A Autora pediu: que se reconheça que o Réu tem obrigação de prestar contas da sua administração, devendo apresentar as contas da sua gerência ou contestar essa obrigação, querendo.

causa de pedir Para tanto alegou, em síntese: -- Autora e Réu viveram em união de facto; este ficou responsável pela administração do património da Autora; realizou negócios e utilizou quantias de que não prestou contas.

contestação O Réu contestou por impugnação.

decisao Tendo-se procedido a julgamento, veio a ser proferida sentença com a seguinte decisão: “Pelo exposto, julgo a presente ação improcedente, por não provada, e em consequência, absolvo o Réu MANUEL da obrigação de prestar contas a MARIA.” recurso O presente recurso de apelação foi interposto pela Autora, Insurgindo-se contra o facto e o direito apurados e aplicados na sentença, pugnando pela sua revogação e substituição por outra que dê como provados os factos que inscreve a negrito, ou, mesmo sem alteração da matéria de facto provada, que seja a sentença revogada e substituída por outra que reconheça ao Réu o dever de prestar contas.

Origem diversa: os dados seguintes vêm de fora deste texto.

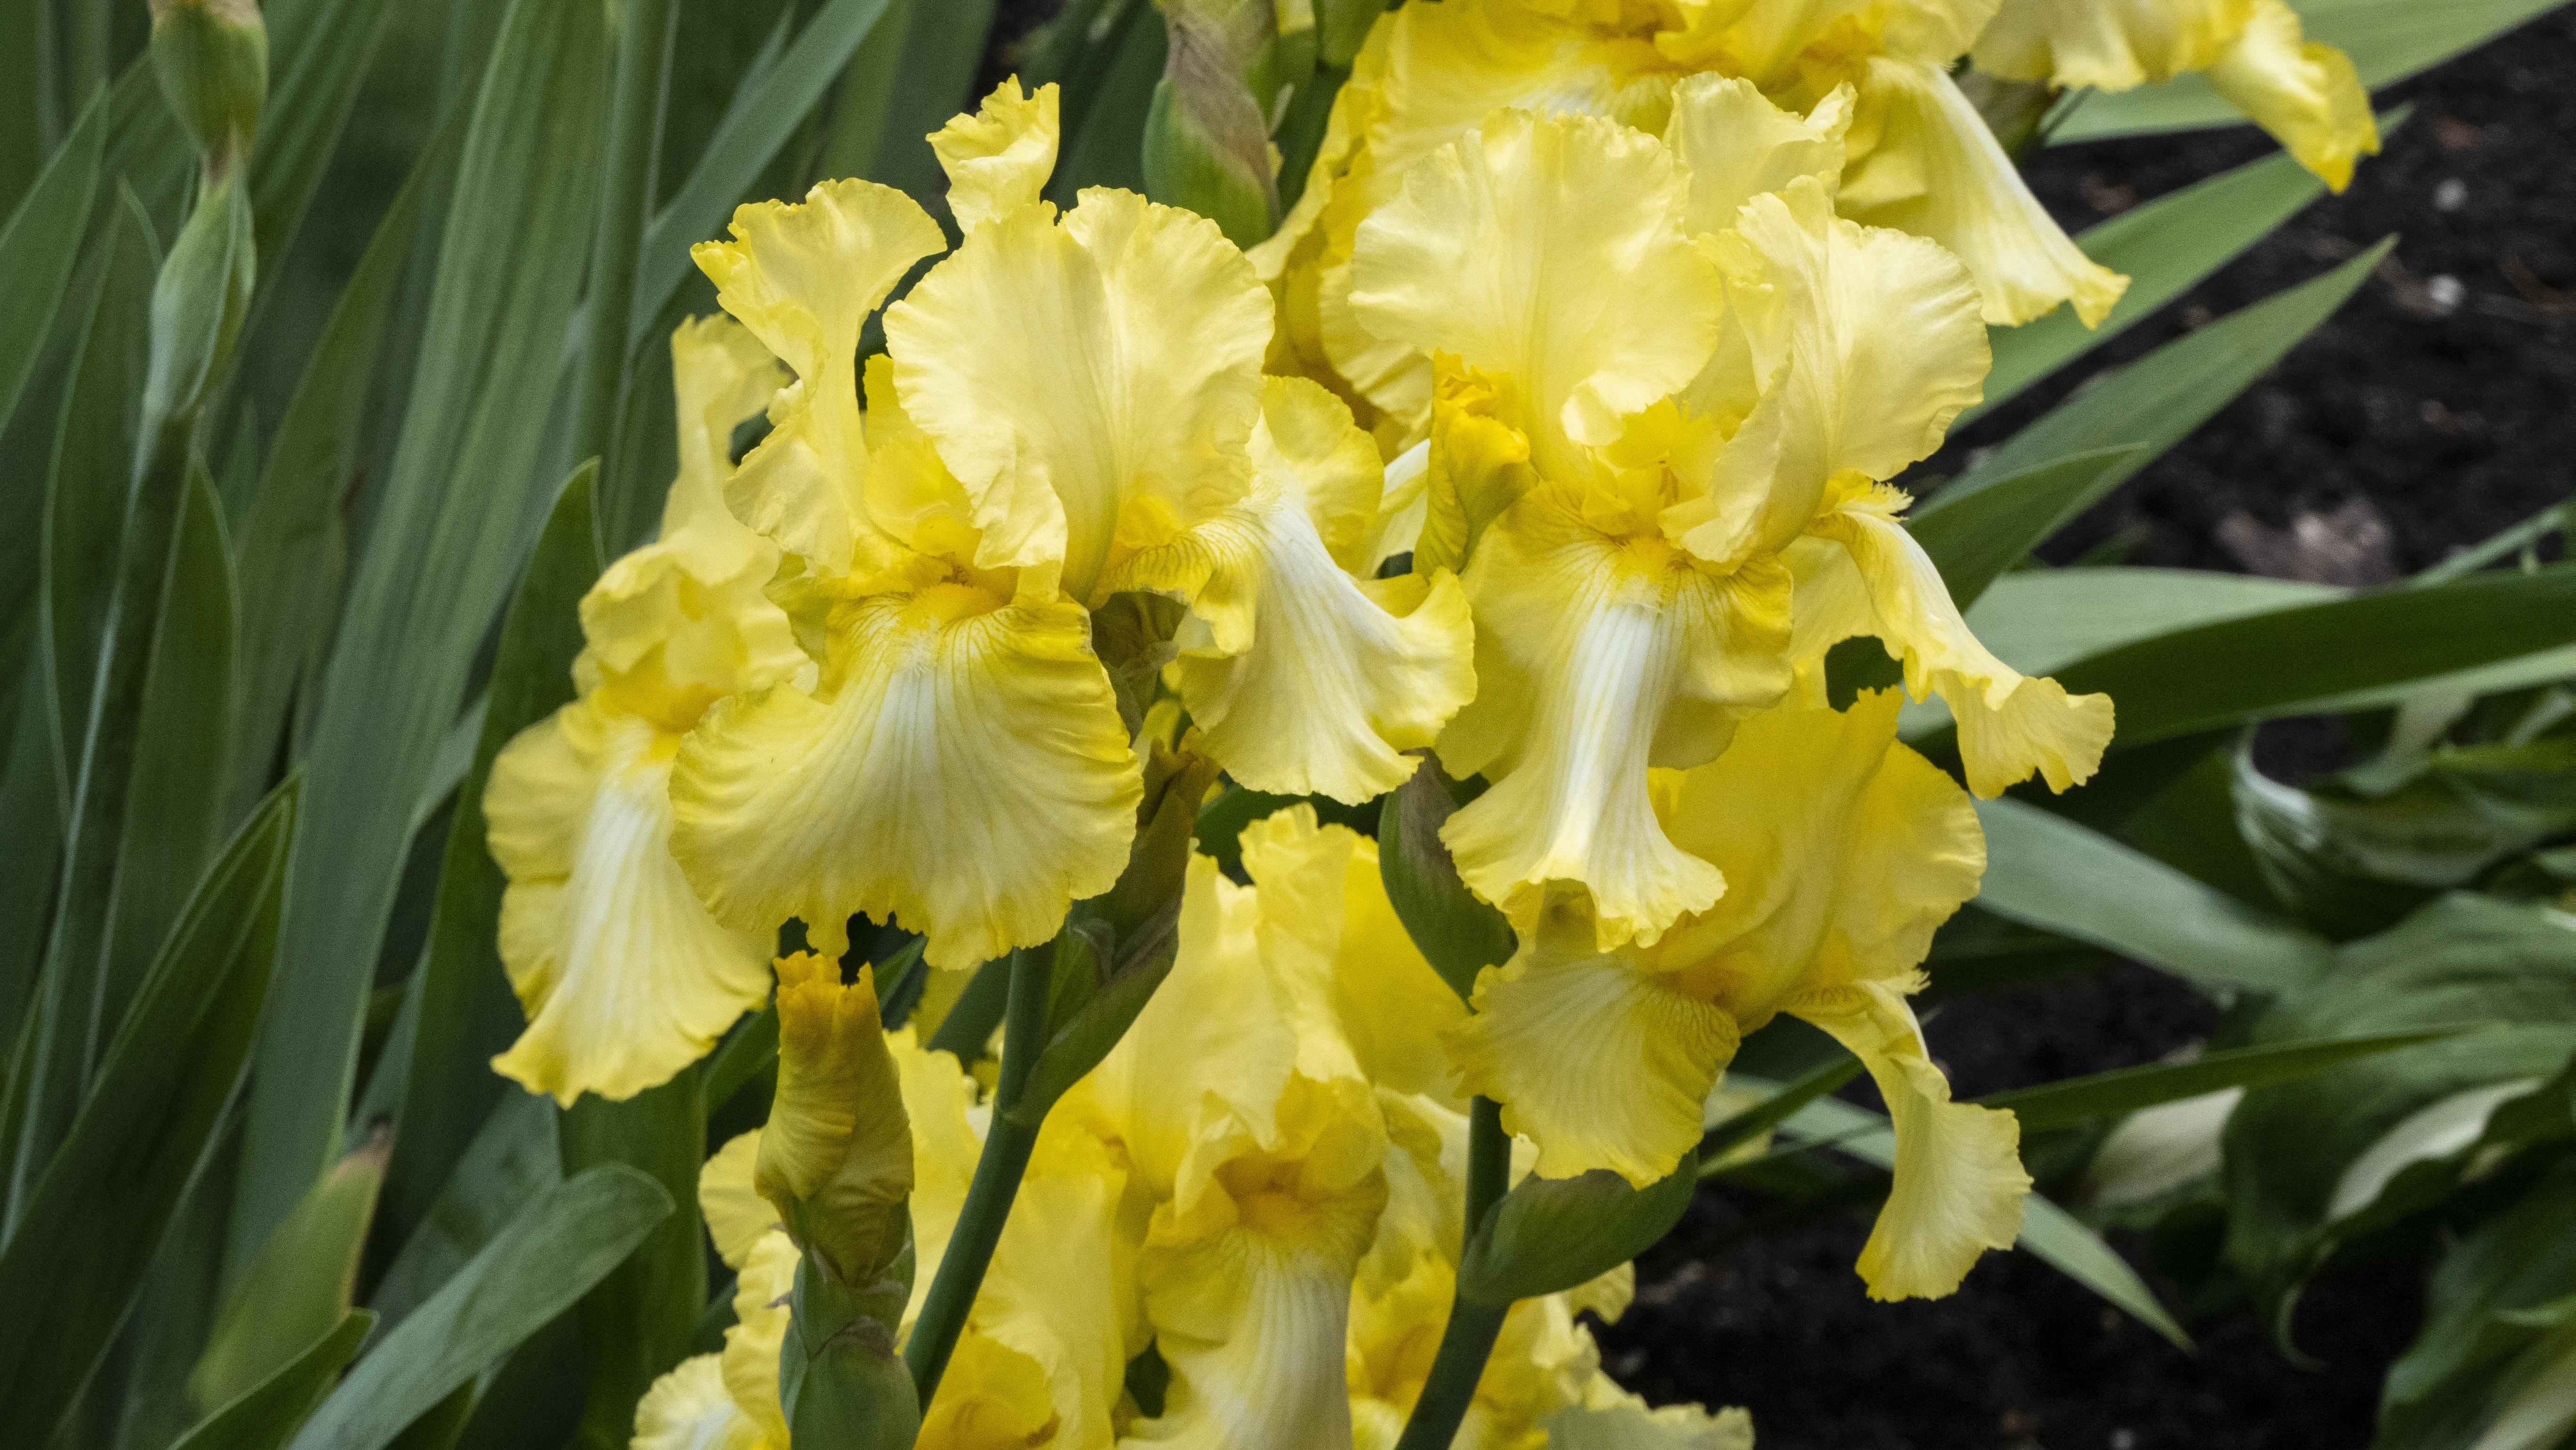 Iris Germanica 'Harvest of Memories' - Tall Bearded Iris from Leo Berbee Bulb Company

conclusões Apresenta as seguintes conclusões: 1ª- A autora propôs a presente ação de prestação de contas contra o réu, alegando que ela e ele viviam em união de fato pelo menos há 17 anos, como se mulher e marido fossem, e que nesse período o réu, que é funcionário bancário do Banco X, agência de Guimarães, era quem orientava e dirigia toda a vida patrimonial de ambos, limitando-se ela a desempenhar funções de dona de casa (confecionando refeições para ambos, limpando a casa, lavando a roupa, e dirigindo em geral todos os serviços domésticos), enquanto ele, agindo naquele âmbito de sua representação patrimonial, adquiriu para si próprio um prédio, que ambos quiseram no entanto adquirir para ambos, pagando o preço deste com o preço da venda de um prédio próprio dela, aplicando o produto desta venda naquela compra e negociando em nome da autora empréstimos hipotecários quer no Banco X quer na Banco Y, usando e aplicando dinheiro próprio dela, de outras proveniências (venda do direito de ação à herança dos pais, empréstimos contraídos pela autora e cujo produto foi usado pelo réu para pagar responsabilidades próprias dele, no total de mais de 43.000,00€), concluindo que não fora nem estava informada acerca do destino e valores concretamente envolvidos, que o réu conhecia, pelo que carecia que este lhe prestasse contas, o que ele recusava, forçando-a assim a recorrer a ação.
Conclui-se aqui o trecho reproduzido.